Cap-and-trade key to green energy future

Windmills generate electricity in Palm Springs. (Photo: Chris Rubino)

Clean energy is taking over the world, driven by a combination of climate change policies and market economics. California has paced America in seizing this opportunity, building a thriving green economy through smart policy.

But the fate of California’s cap-and-trade program, a cornerstone of the state’s green growth strategy, depends on the state Legislature extending the program beyond 2020.  California’s economy has recently notched billion dollar gains from clean tech exports, and data show even larger future potential.  If California fails to lock in the program’s long term future, we risk failing to fully exploit the opportunity presented by surging global markets for clean technologies.

The clean energy sector employs 519,000 Californians, and grew by 14 percent last year.

Clean technology costs have fallen dramatically since 2009: Wind has dropped 66 percent and solar has fallen 85 percent.  In many places, including 12 states, they are now cost competitive without any government support.  Renewable electricity investments have averaged $300 billion annually since 2010, beating all other technologies, and are forecasted to win 75 percent of all new electric power investments through 2040.

The economics of electric vehicles (EV) costs also appear poised for that technology to take off.  EVs are already cheaper to drive and will soon reach purchase price parity with conventional cars, and while Trump’s administration considers weakening fuel efficiency standards, the rest of the world is not turning back, with California’s vehicle standards in large part providing a global policy template.  Two million EVs are on the road worldwide, including one million in China, and are forecast to reach 60-200 million by 2030.

Clean tech is already contributing to California’s impressive economic performance.   Since 2012, California’s economy has grown twice as fast and produced 50 percent more jobs than the rest of the nation, bolstered by clean energy companies and jobs.  The clean energy sector employs 519,000 Californians, and grew by 14 percent last year.  $32 billion in clean tech venture capital has poured in—half of North American’s total – since 2006, when the state launched its climate crusade in earnest.  As a result, California leads America in clean tech patents, including more than 35 percent of solar patents since 2013.  In turn, these patents seed the clean energy giants of the future.

Potential benefits from greater clean tech exports are already evident.  California’s clean vehicle standards and visionary companies have driven vehicle export growth from $600 million in 2013 to over $2 billion in 2016 according to federal government data.  These data only account for foreign sales and not “exports” to other US states, but surely sales to other states are growing apace as well.

Growth in Tesla sales are mainly to behind growth in exports data so far, but California clean clean vehicle manufacturing is more varied, extending to electric bus manufacturers.

California-based Proterra is building electric buses at its City of Industry factory.  Foothill Transit, which operates in 22 cities in Southern California, purchased 17 Proterra buses in 2010 and has ordered 13 more, promising to be all-electric by 2030. Proterra will increase its California workforce by 50 percent this year to build 300 buses on back order, most from transit agencies outside of California.

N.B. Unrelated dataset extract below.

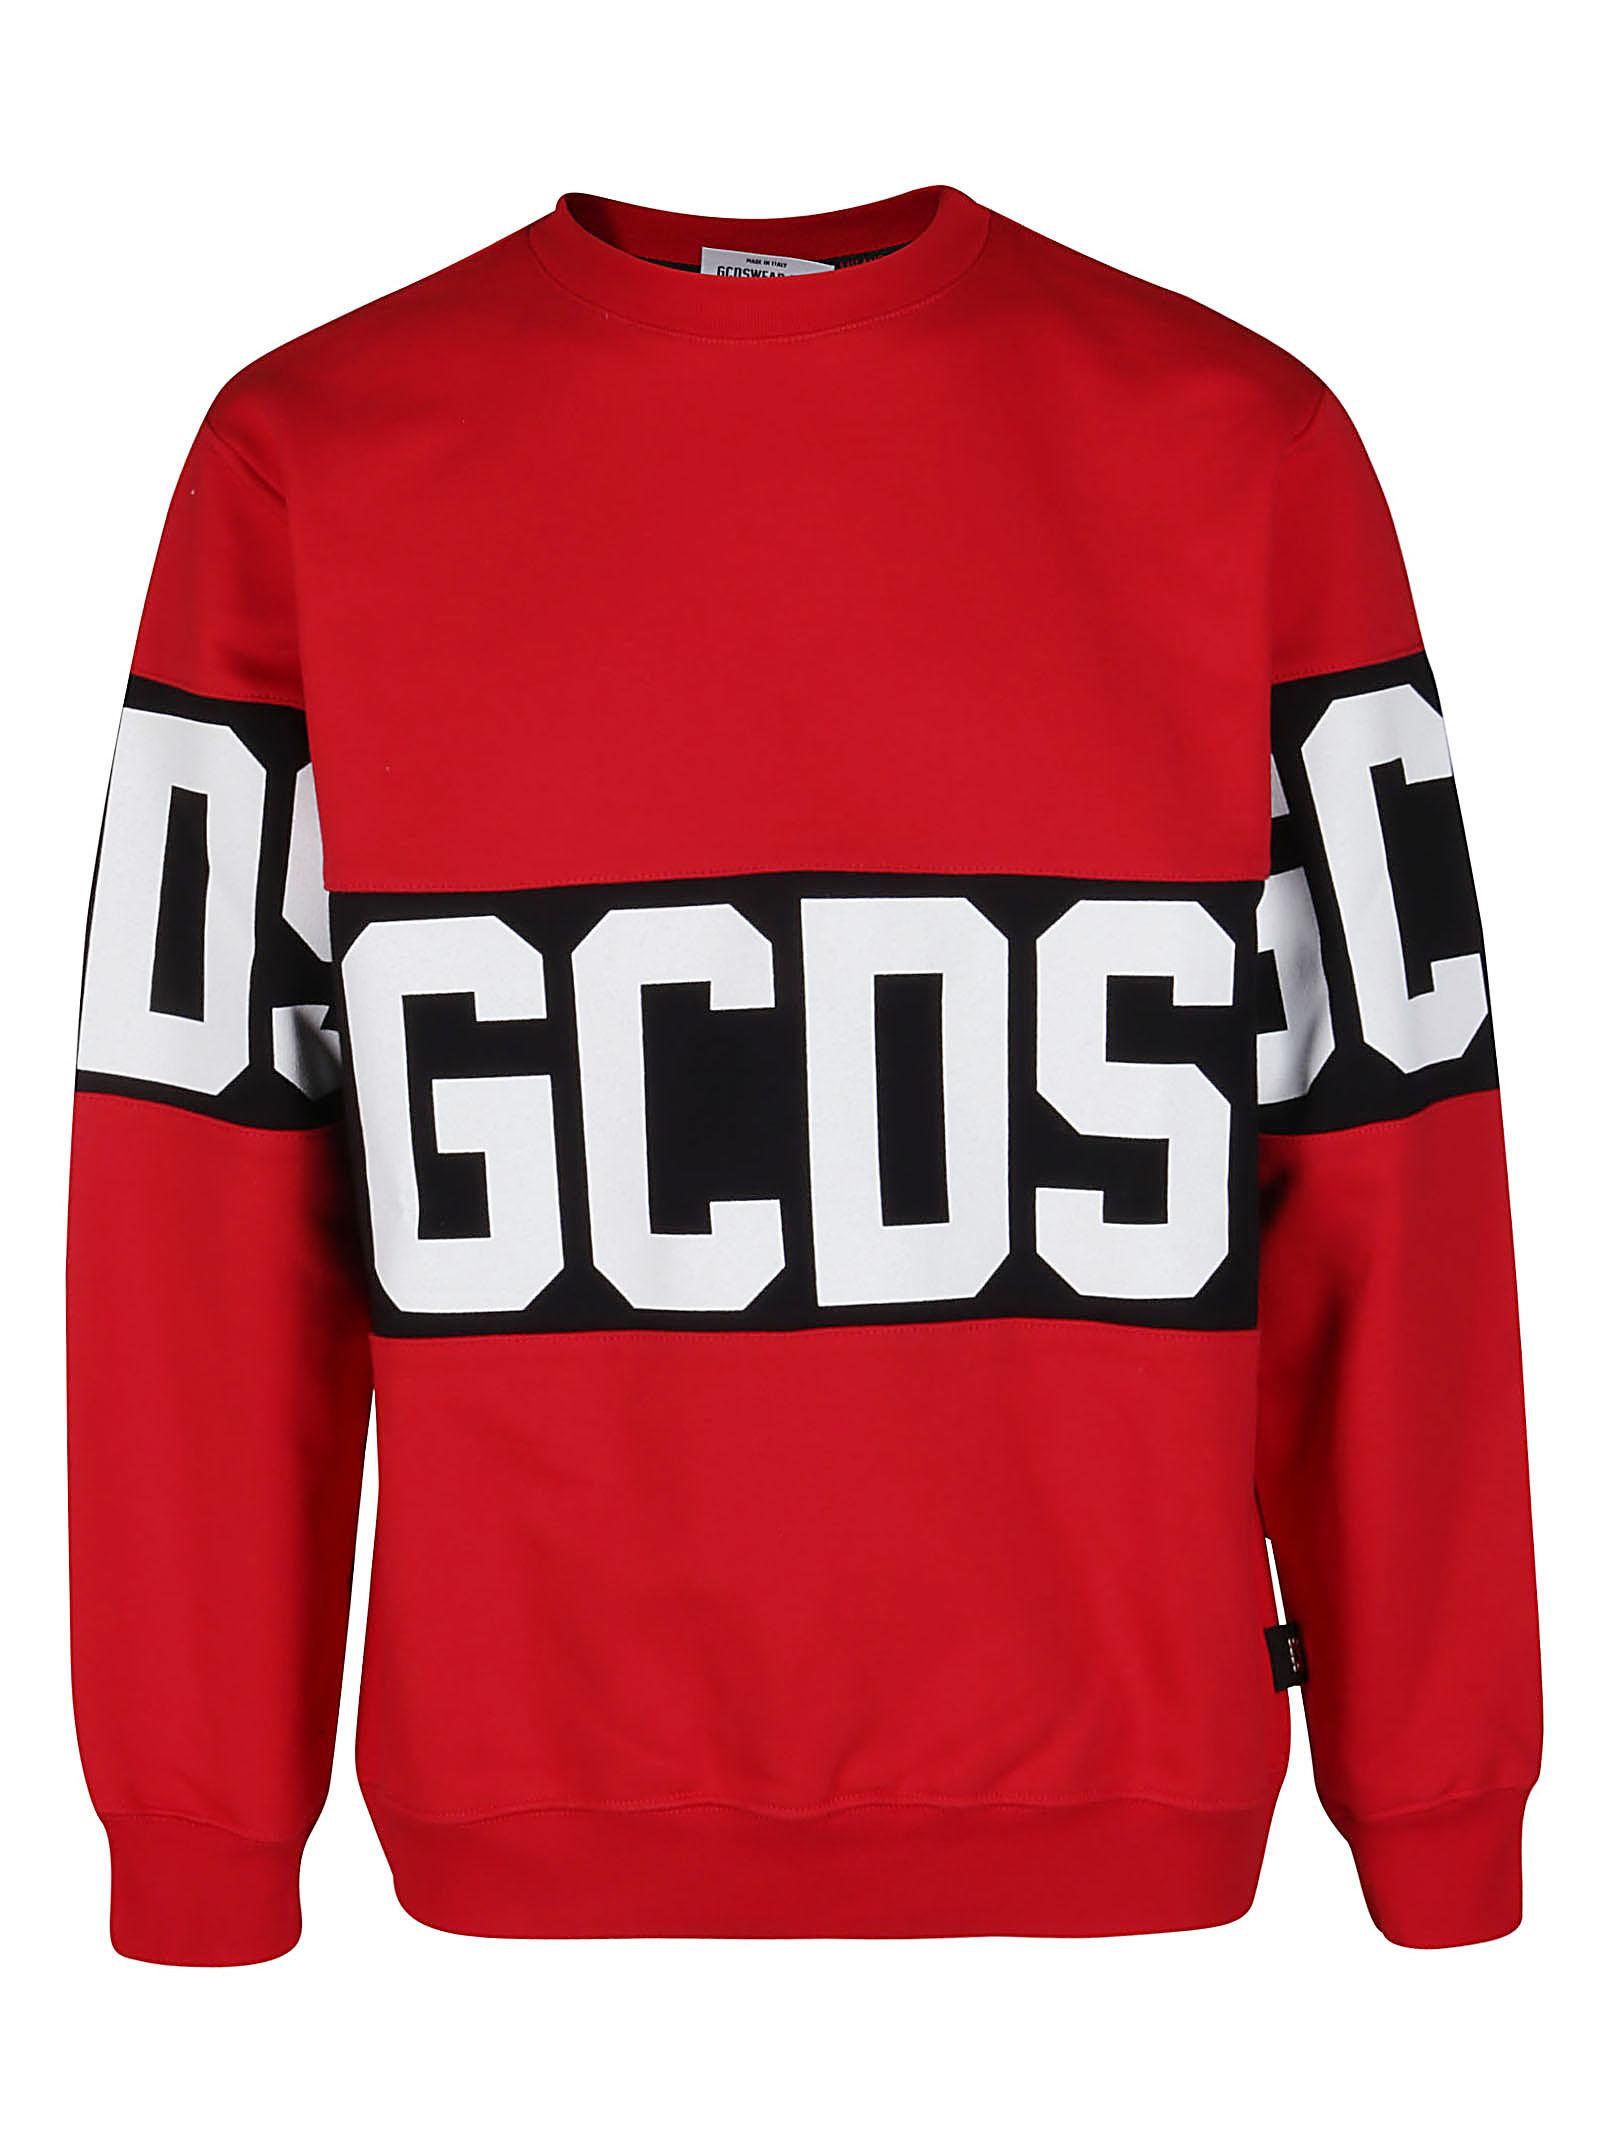 Best Price Gcds Red Cotton Sweatshirt - Top Quality

Cap-and-trade creates a level playing field, ensuring carbon pollution costs are factored into market decisions.

State officials helped lure the Chinese company BYD, to set up shop in southern California.  Its Lancaster factory is building electric buses for Long Beach, while ramping up production to meet demand from new contracts across the country.  The factory’s workforce is unionized and is expanding.  The company expects to have more than 1,500 employees by the end of 2018.

Twenty-five percent of California’s green jobs are in manufacturing, so these are not isolated examples, but represent broader opportunity for the state’s workers.

In addition to technology, expertise can also be exported.  Because of their experience as a low-lying nation, Dutch firms dominate the global market for climate adaptation engineering and water management. California’s grid management technologies and technical expertise will likely be in heavy demand in China, the largest grid in the world, especially given the incredible strength of the California brand in China and increasing policy coordination.

California’s climate leadership is obvious. Governor Brown’s international efforts are counterbalancing Trump’s hostility to climate action. But the importance of establishing cap-and-trade certainty beyond 2020 as a capstone for the state’s exemplary suite of policies is just as clear.

Cap-and-trade creates a level playing field, ensuring carbon pollution costs are factored into market decisions, playing an integral role conditioning the market for clean tech success, and helping to create sustainable prosperity.

California’s policymakers should come together to finalize the cap-and-trade extension. If not, we will fall short of fully seizing the green growth opportunity.

Ed’s Note: Chris Busch is research director for Energy Innovation,  a San Francisco-based think tank, directing the organization’s California Climate Program.  Busch, who holds a PhD in environmental economics from UC Berkeley, has written extensively about California’s cap-and-trade program.